Just curious, Logan...is this the site you tried? I clicked on Backcountry Permits and it has the San Juan as a choice

https://navajonationparks.org/permits/backcountry-hiking-camping/


----------



## lmyers (Jun 10, 2008)

2tomcat2 said:


> Just curious, Logan...is this the site you tried? I clicked on Backcountry Permits and it has the San Juan as a choice
> 
> https://navajonationparks.org/permits/backcountry-hiking-camping/


That is a form that you have to print and mail in and wait for them to mail you a permit back..... I did that the first time I did the San Juan and after like 2 months of waiting it never showed up and I had to call their office and have them email it to me.

I was hoping to find a website where you could purchase the permit online, without having to mail a document to them. Just a pay and print sort of thing. The link STD posted would be nice if it worked. It says there is no online availability for any dates in 2018, and to call.... so essentially it appears that nothing has changed.

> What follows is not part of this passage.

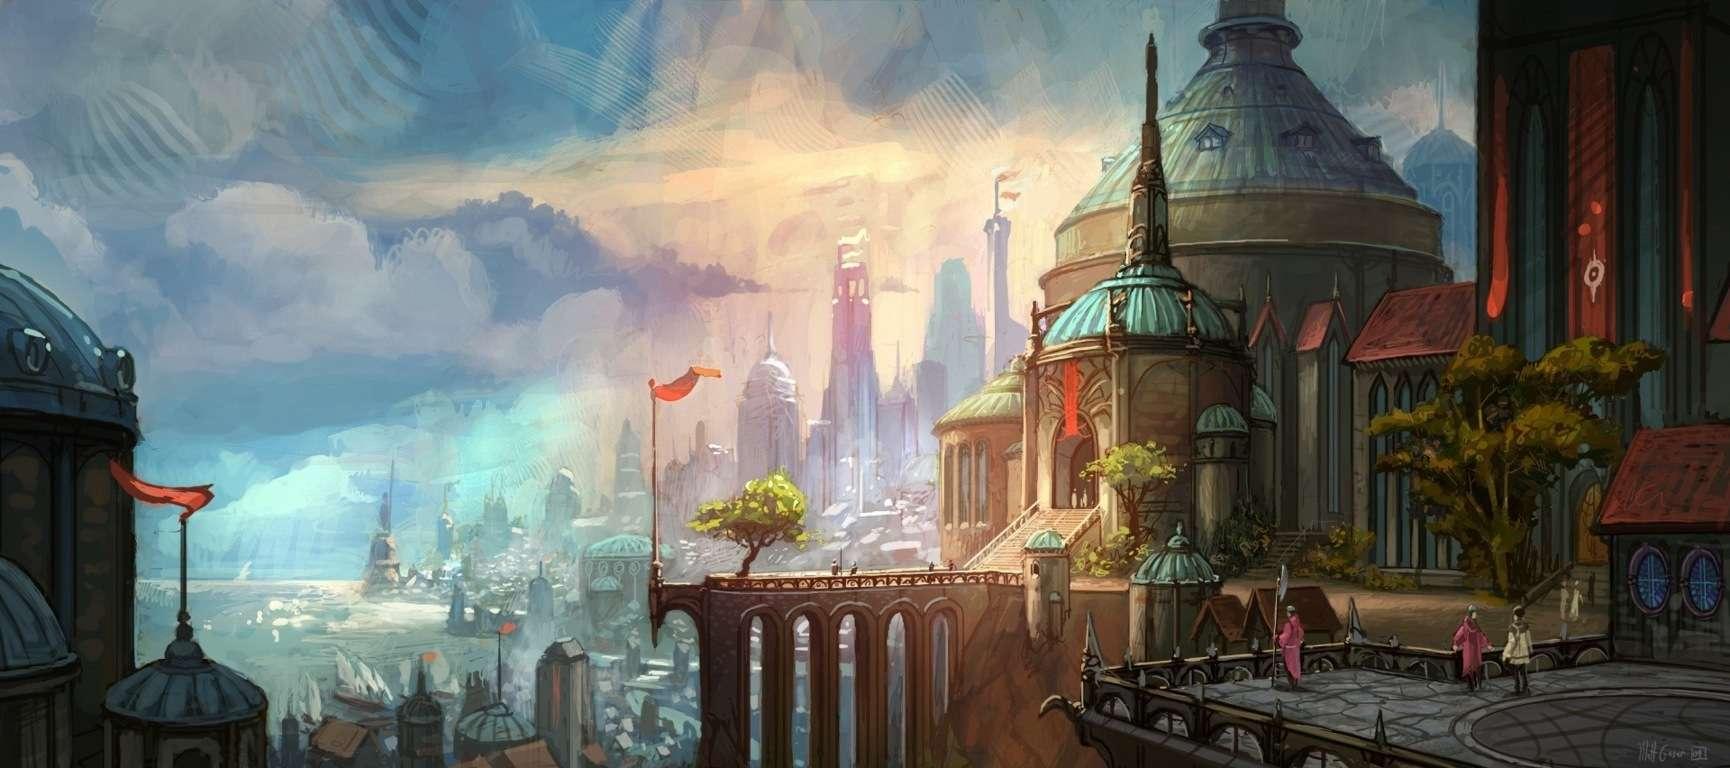 League of Legends Wallpaper 092
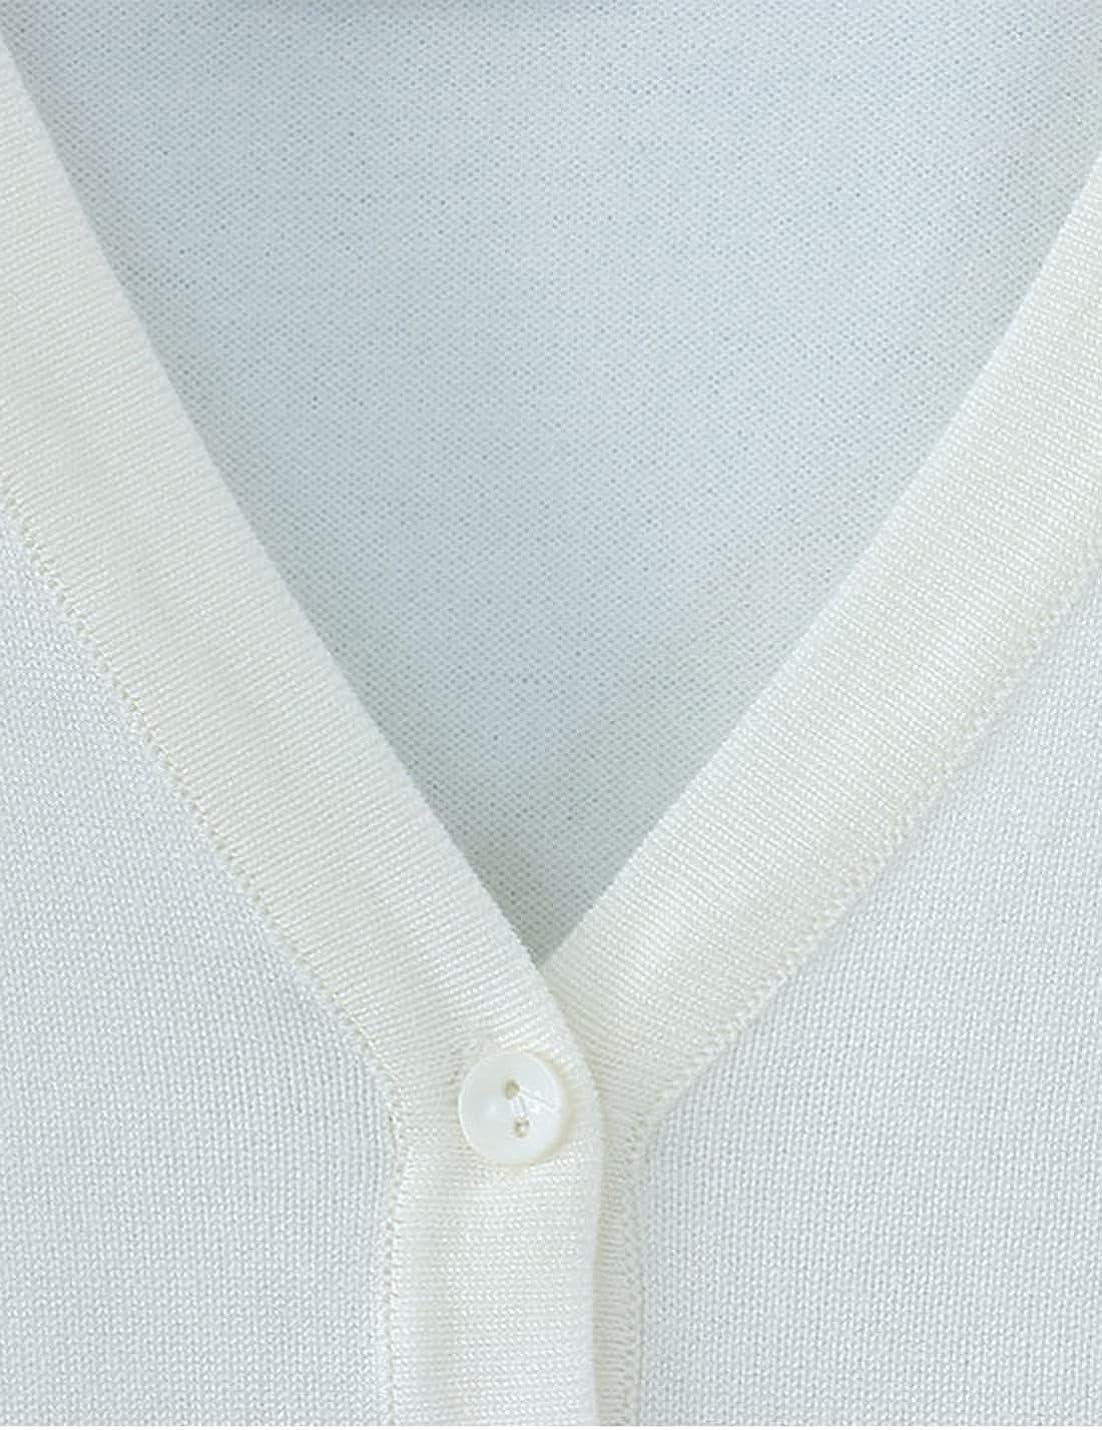 SeekMe Women's Lightweight Knit Cardigan Sweater Short Button Down Knitwear Top

We didn't end up getting the permit for our trip. We arrived too late in the evening, and didn't want to add the additional time to the shuttle to go all the way to Monument Valley, or to backtrack to 4 Corners. Still a great trip. Found the remains of an old kiva that didn't appear to be visited very often, and got to float with some whitewater enthusiasts who had never visited the desert southwest.


----------